I love that THE BUTLER shows how dangerous nonviolent protest was for the brave
people who did it, and that Strong's script embraces many of the
arguments – from a black perspective – about the struggle for
black freedom. Daniels' intention is clear from the beginning, when
he presents the powerful symbol of a pair of lynched men
hanging from nooses. It's clear Daniels has no interest in presenting
a Spielbergian paean to the Great White Liberator or a dutiful black
servant. His film personifies, in the father-son conflict,
longstanding disputes within the black community. Cecil believes
change comes from the top, and that the presidents he serves are
working to make things better for everyone. Louis believes change can
only come through activism, and will endure beatings and sit
in jail cells to achieve it.
Eugene Allen's life
was about his work, the substance of which gets only perfunctory
attention in THE BUTLER. We see Cecil polishing silver and shoes and
setting an impeccable table, and occasionally a president asks his
opinion about something. Robin Williams, looking for all the world
like Truman, is actually Eisenhower. As Eisenhower orders troops sent to
desegregate the schools in Little Rock, he asks Cecil whether his
children go to “an all-colored school.” (The answer is yes, sir, they do.)
The presidential
portrayals are a mixed bag, though most of them thankfully avoid pure
caricature. John Cusack, an odd choice for Nixon, actually captures
R.N.'s vocal mannerisms and haunted paranoia, first as vice president
and later, as a disgraced, post-Watergate drunk. James Marsden is a
too-short and non-philandering John F. Kennedy, and LBJ (Liev Schreiber) is shown
addressing aides while sitting on the toilet, something he did in
real life. (The movie's added touch is to put Lyndon's pet beagles at
his feet.) Ford and Carter are skipped for some reason; Reagan (an unconvincing
Alan Rickman) is uncommonly gracious to Cecil but holds stubbornly to
his opposition to sanctions on apartheid South Africa. It is Nancy
Reagan (a perfectly coiffed Jane Fonda, in a clever bit of ironic casting) who invites
Cecil and Gloria to the state dinner that offers Cecil a different
perspective. “Nothing seemed right after that,” the elderly Cecil
recalls. His consciousness at last raised, Cecil demands long-overdue
salary parity for the black White House staffers — who historically
have earned less than their white counterparts — and after retiring,
joins his son's anti-apartheid rally.
The movie's pacing
is a bit phlegmatic, with intermittent periods of excitement and some
meandering bits, particularly the bitter mutterings of Gloria,
the bored, drunken wife who mocks Jackie Kennedy and has scant
sympathy when the president is killed. (Maybe a happy spouse like Eugene's wife, Gladys, would have been too dull.) The momentum is hampered by
the linearity of the narrative, a long march from 1926 to 2008, just
after the election of Barack Obama. At certain points, I was
silently ticking off how many presidents there were left to show.
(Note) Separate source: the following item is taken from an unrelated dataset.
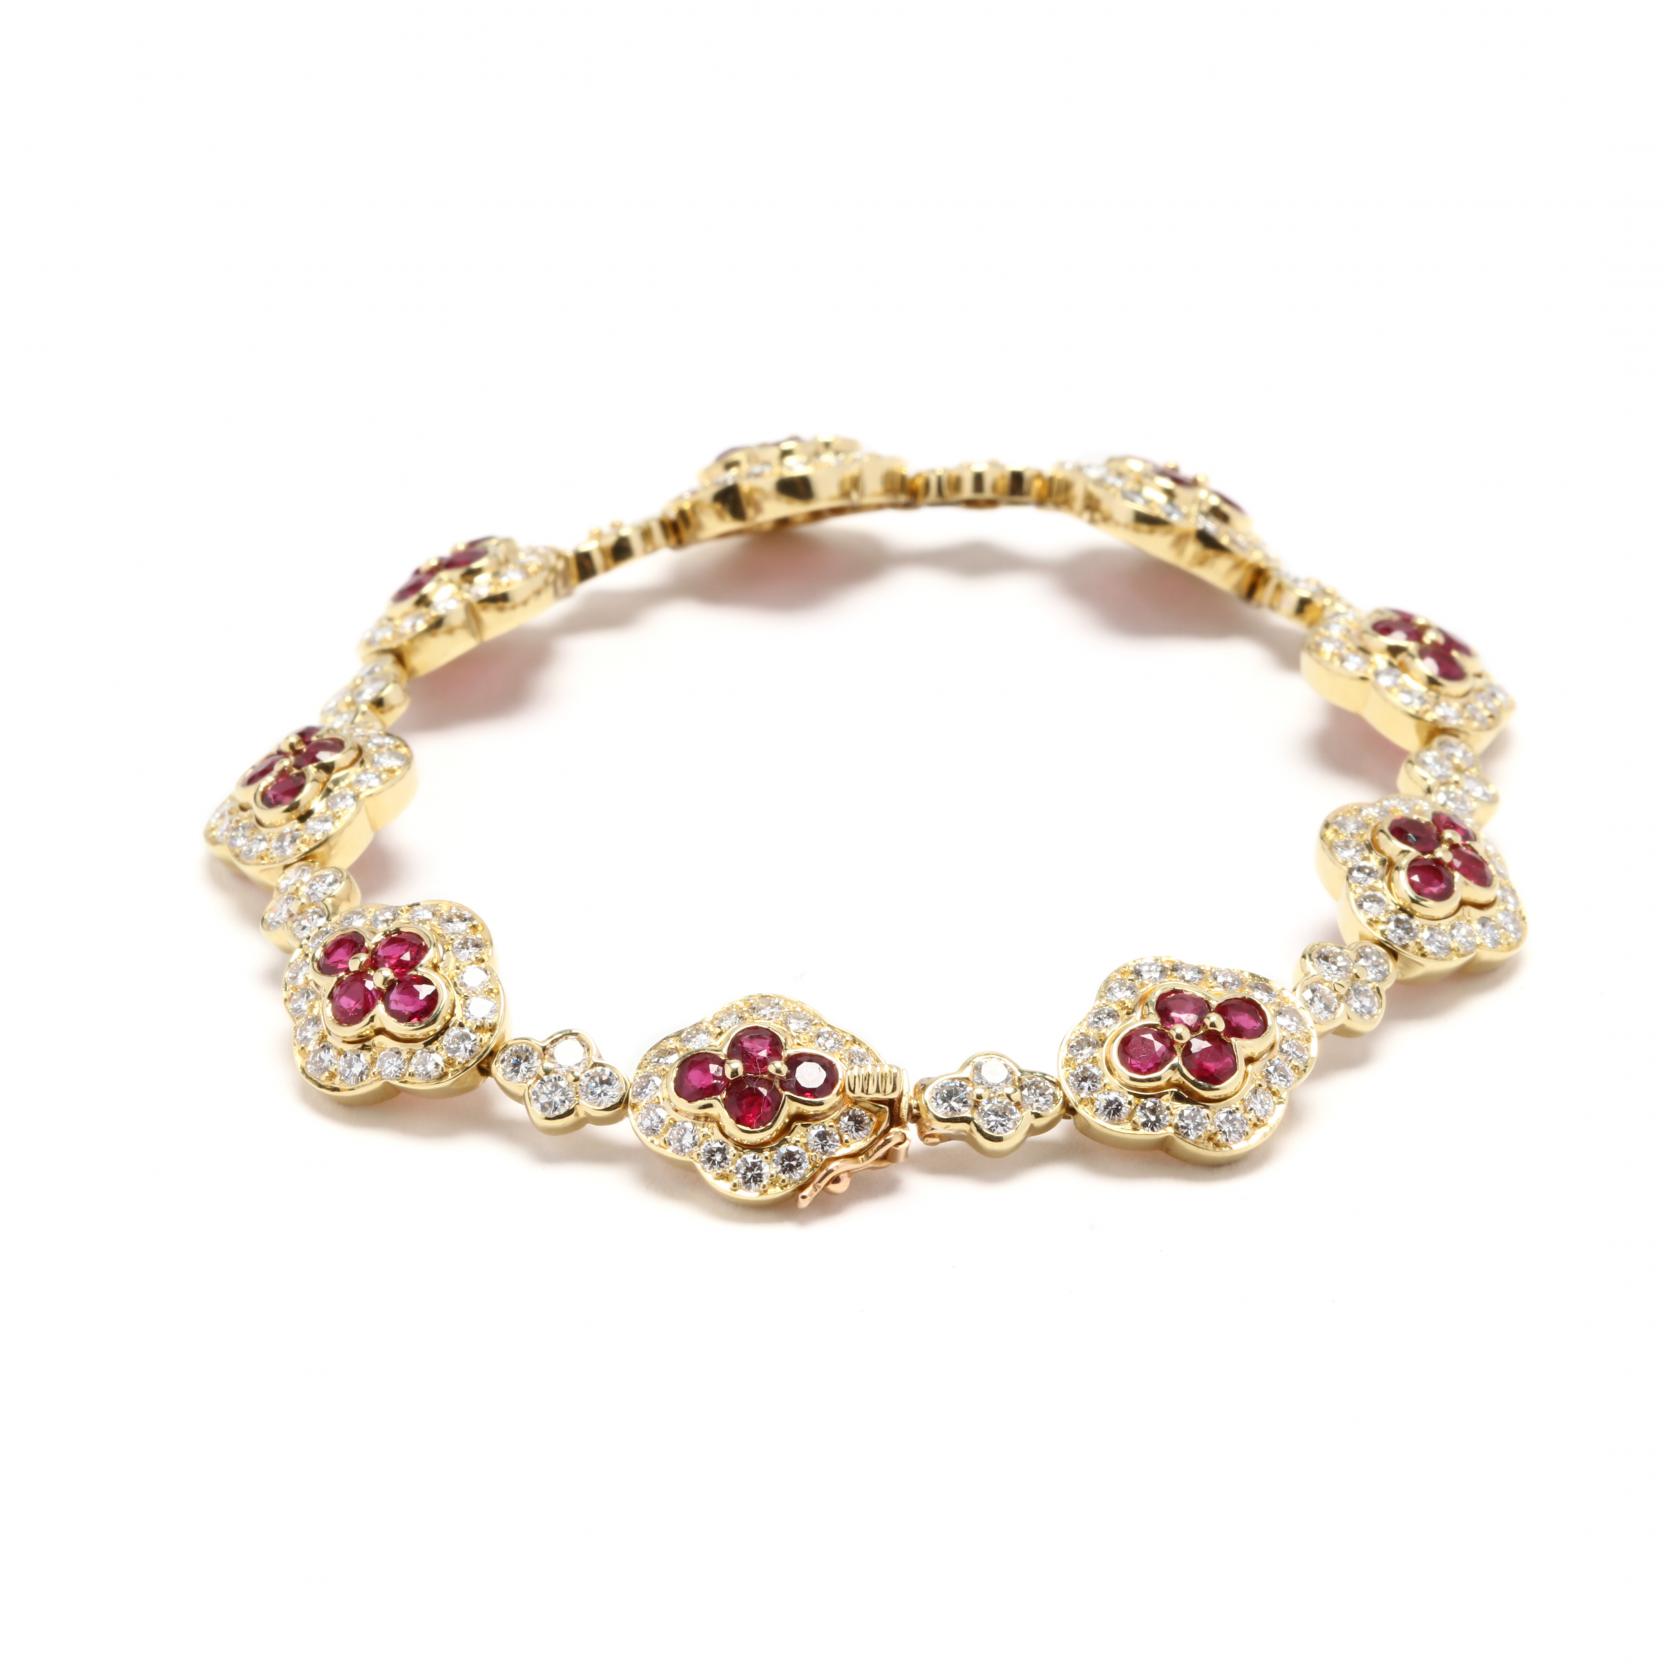 Gold, Diamond, and Ruby Bracelet - Image 2 of 4

Yet this movie about a servant is decidedly
not bland. It's rich with personality and rife with controversy and
challenge – Martin Luther King, for example, not just having a
dream but denouncing the Vietnam War as immoral, the Black Panthers
presented in all their ambiguity. These are arcane and even radical
views you don't often encounter in mainstream Hollywood cinema. 3 out of 4 stars.